Born 1939, Japan
Takuro Kamata (1939-) is an artist who worked primarily in traditional Japanese methods of textile design and woodblock prints. Originally from Miyagi prefecture in Japan, Kamata studied economics and got a job in the insurance business. At this time, he also pursued his interest in arts and crafts, and eventually studied woodcut printmaking under Toshi Yoshida. Some of his work was displayed as part of a group show at the Tokyo Museum of Fine Arts in 1969. He later studied lithography in Mexico at the Art Institute of San Miguel Allende, and at the Toledo Museum of Fine Arts in the United States.
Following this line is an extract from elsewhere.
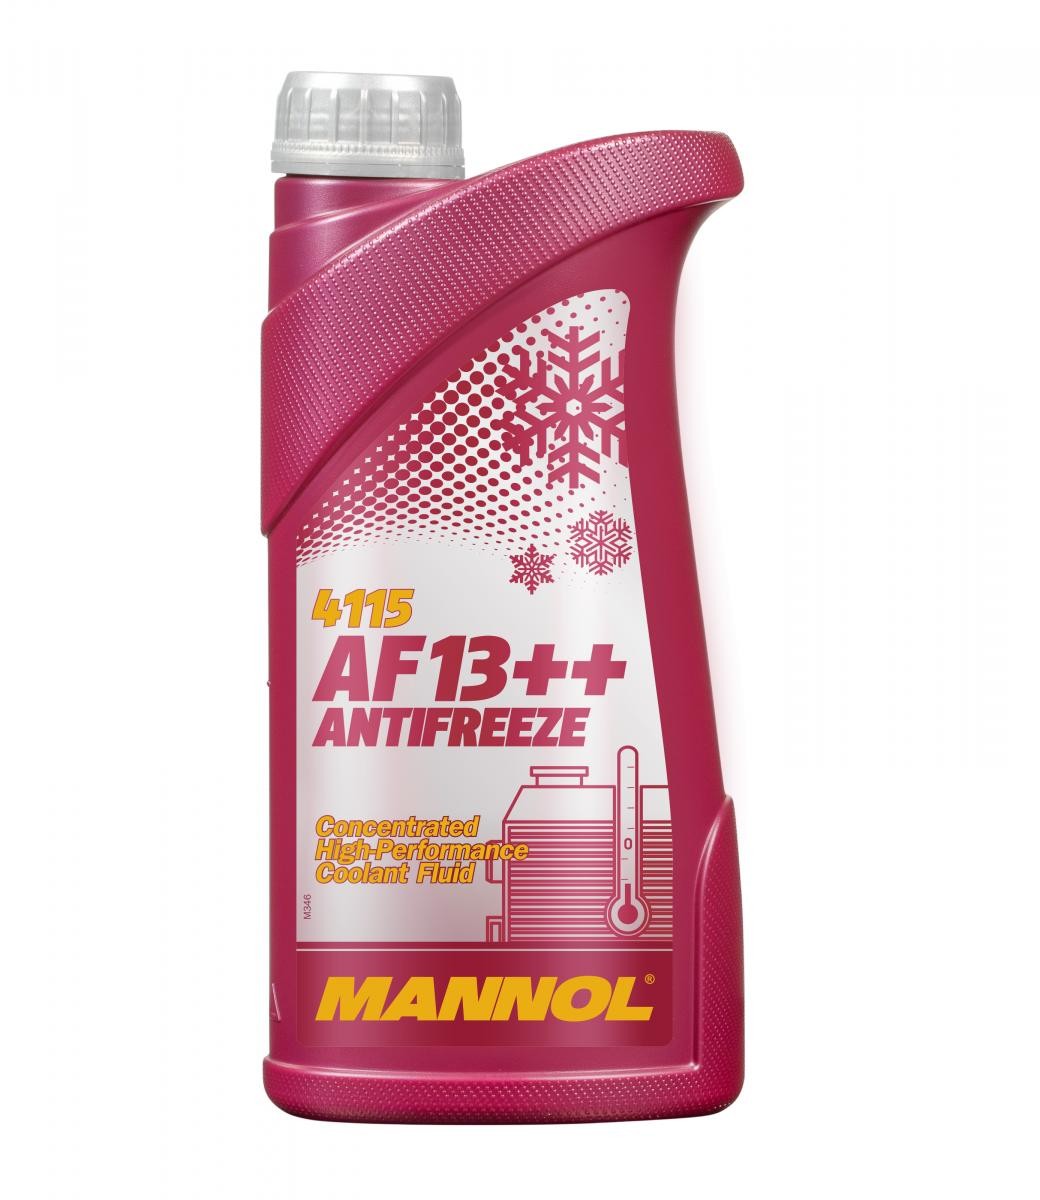 YAMAHA DT Kühlmittel G12 Rot, 1l, -38(50/50) MANNOL AF13++, High-performance MN4115-1

In 1970, Kamata immigrated to Canada, first settling in Montreal. It is here that he began to study the traditional Japanese method of paste-resist dying of textiles, norizome. He moved to Toronto in 1975, where he established Kamata Studio and began to focus solely on his textile work. Kamata found there was a lot of interest in Canada at the time in the traditional Japanese methods he used, which enabled him to support himself by selling his work at art festivals and craft shows, and by teaching at various art and design schools in Ontario, Quebec, and even in New Brunswick. From 1972 to 1990, Kamata exhibited his work in both woodcuts and textiles in venues primarily in Ontario, but also Quebec, Nova Scotia, and Ohio in the United States. He received several grants from the Ontario Arts Council throughout the 1980s which enabled him to go back to Japan and continue his largely self-taught study of traditional Japanese methods. He is now retired and living in Toronto.